How Successful Was Copenhagen?
The Copenhagen climate conference would arguably have been a total failure if it had not been for the 'Copenhagen Accord' initiated by President Obama.

The Copenhagen Accord was brokered by Barack Obama, Wen Jiabao, the Chinese premier. along with 25 other nations. Although most parties to this accord agreed that global temperatures could not rise above 2 degrees Celsius, no firm resolution to reduce emissions was achieved. The accord was effectively one of intent only and is not legally binding. Indeed, parties to the accord merely agreed to ‘take note’ of it.
The Road to Copenhagen
Initially, Copenhagen was intended to lay the basis for a legally binding carbon reduction scheme beyond 2012, when the conditions of the 1997 Kyoto Protocol are due to expire. Alternatively labelled ‘COP 15’, this conference was the 15th Conference of Parties set up by the United Nations Framework Convention on Climate Change (UNFCCC).COP 11 in Montreal, COP 12 in Nairobi, COP 13 in Bali and COP 14 in Poland involved negotiations leading up to Copenhagen, and much hope was held for the outcomes of COP 15 in these gatherings.
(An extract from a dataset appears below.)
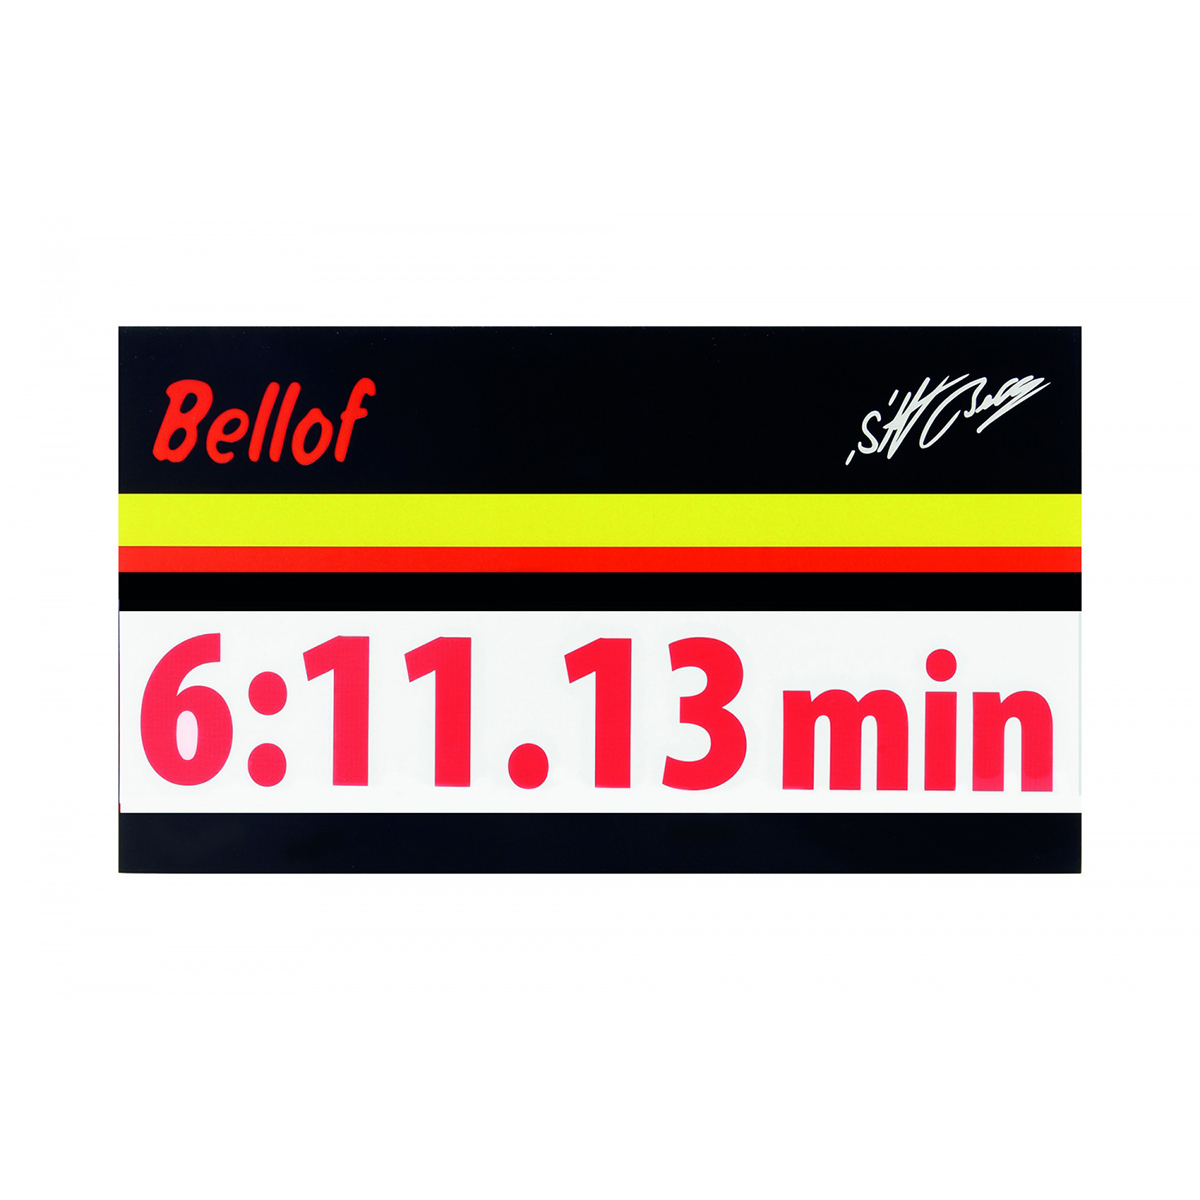 stefan-bellof-aufkleber-rekordrunde-6-1113-min-rot-120-x-25-mm

The ‘Bali Road Map’, for instance, which emerged from COP13, included plans to reduce deforestation, and to negotiate issues of mitigation, adaptation, technology and financing among UNFCCC countries. All nations present signed the agreement to consider these issues. Results in Poland were less optimistic; several developed nations, including Japan and Australia, rejected a further decrease in mid-term reduction goals and there was no general consensus among industrialised nations on long term emission targets.
COP14 did, however, produce practical technological and financial emission reduction strategies that could be adopted by developing countries. It was envisaged that Copenhagen would cement these goals into some sort of enforceable extension of Kyoto’s achievements.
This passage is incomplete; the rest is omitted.